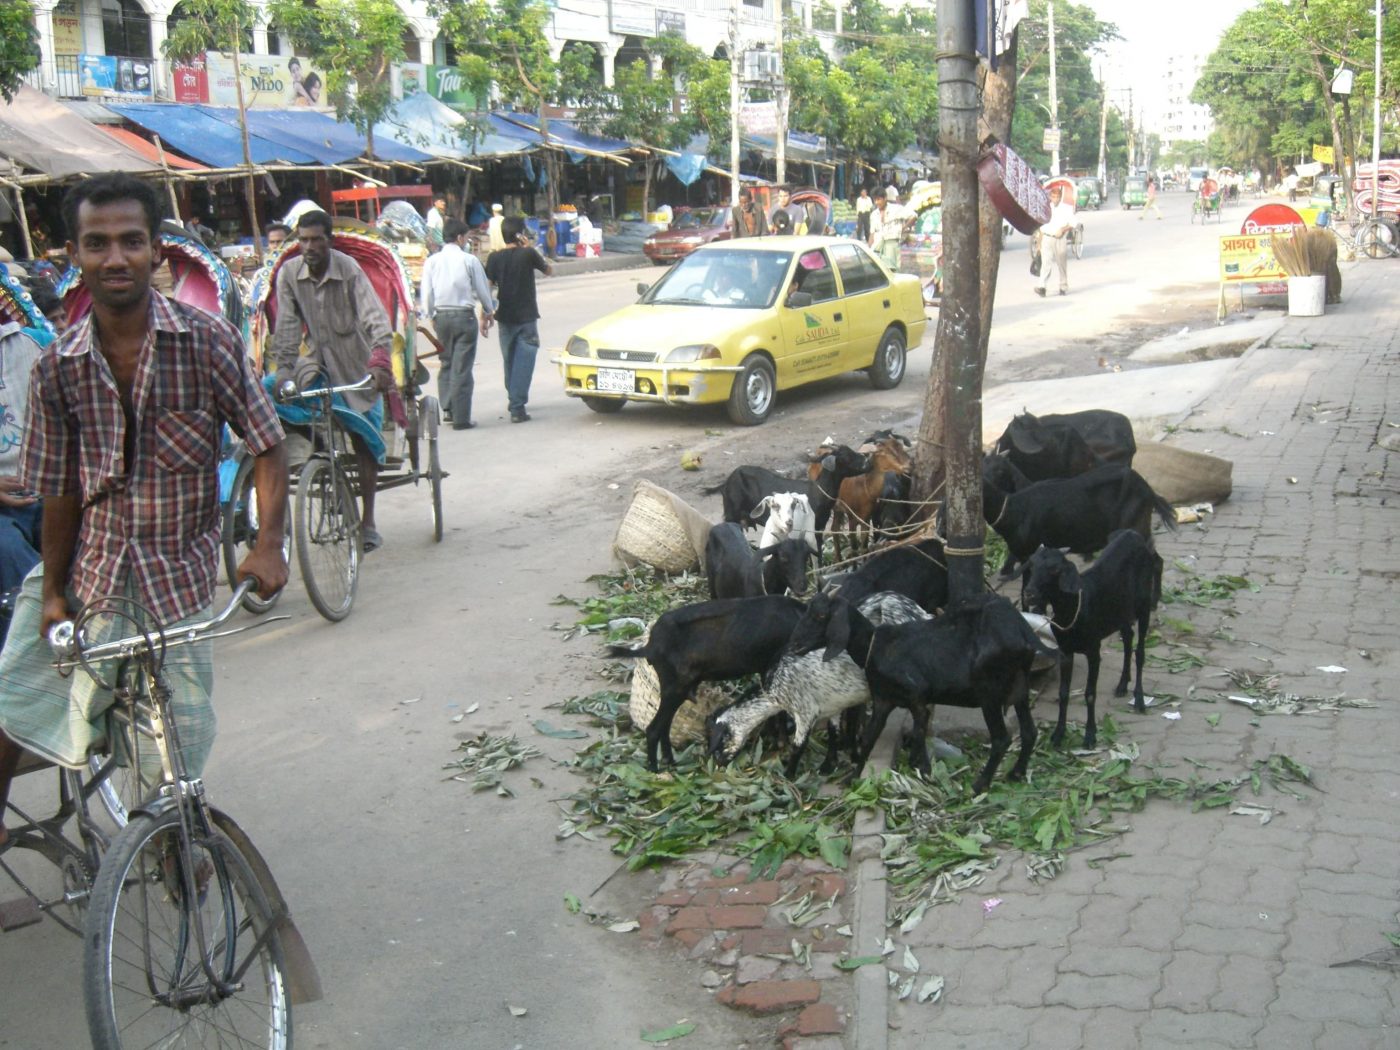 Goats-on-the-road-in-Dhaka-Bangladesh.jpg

==

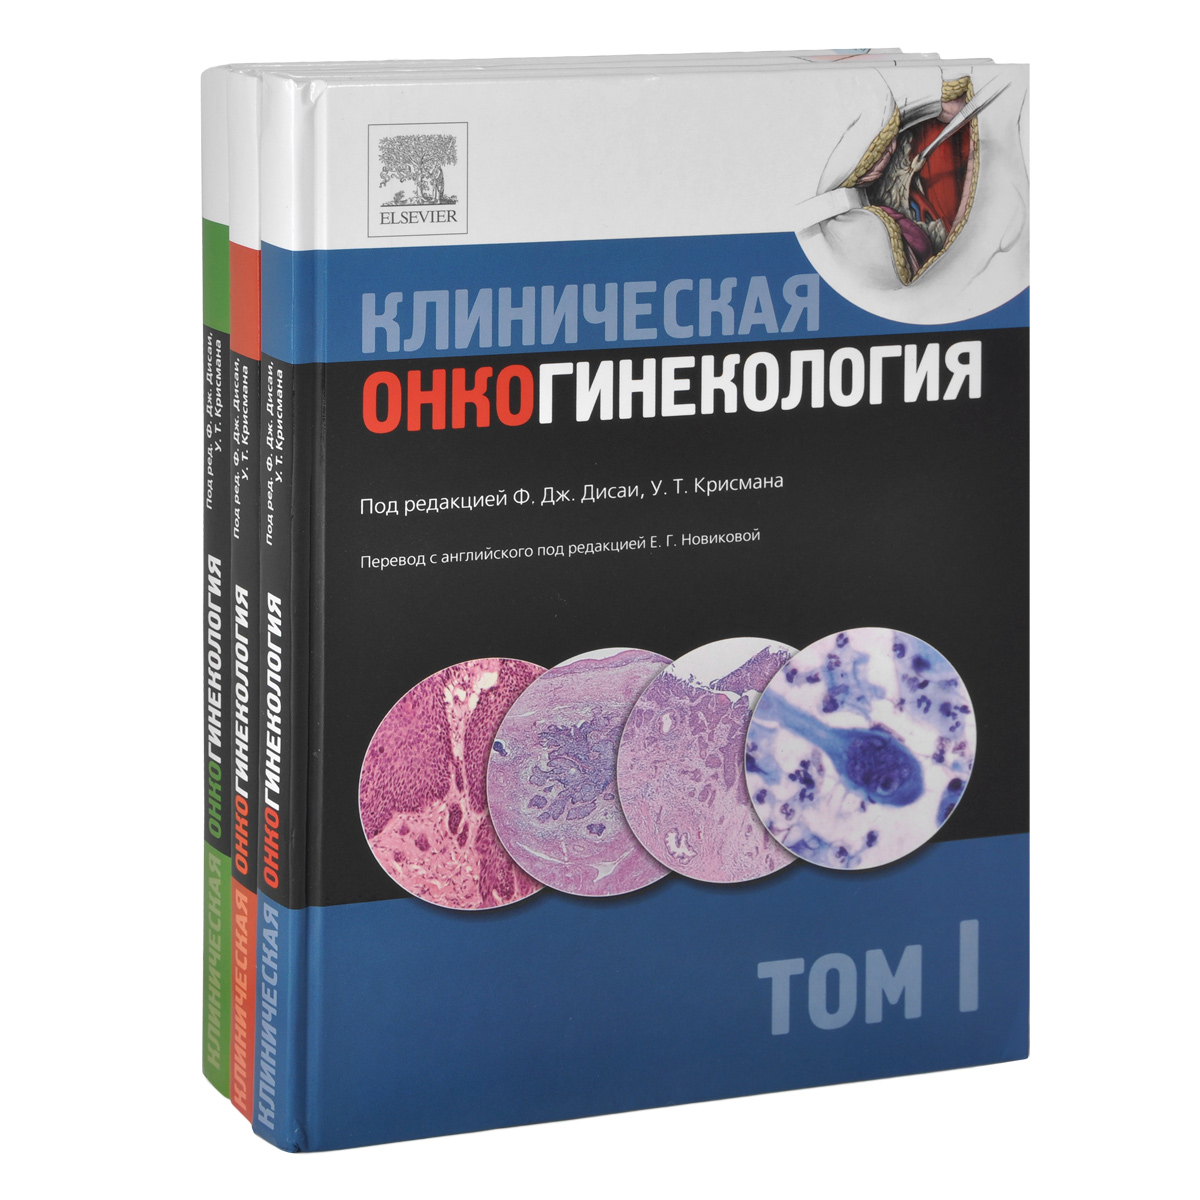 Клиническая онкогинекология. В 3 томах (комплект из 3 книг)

---

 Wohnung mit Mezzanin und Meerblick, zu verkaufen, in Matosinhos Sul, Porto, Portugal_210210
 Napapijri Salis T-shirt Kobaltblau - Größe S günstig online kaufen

• INSTRUCTIONS TO FOLLOW:
Your answer should consist only of the lines above between the line holding "Wohnung mit Mezzanin" and the line holding "Napapijri Salis T-shirt", inclusive, each transcribed exactly.

• EXERCISE RESULT:
 Wohnung mit Mezzanin und Meerblick, zu verkaufen, in Matosinhos Sul, Porto, Portugal_210210
 Napapijri Salis T-shirt Kobaltblau - Größe S günstig online kaufen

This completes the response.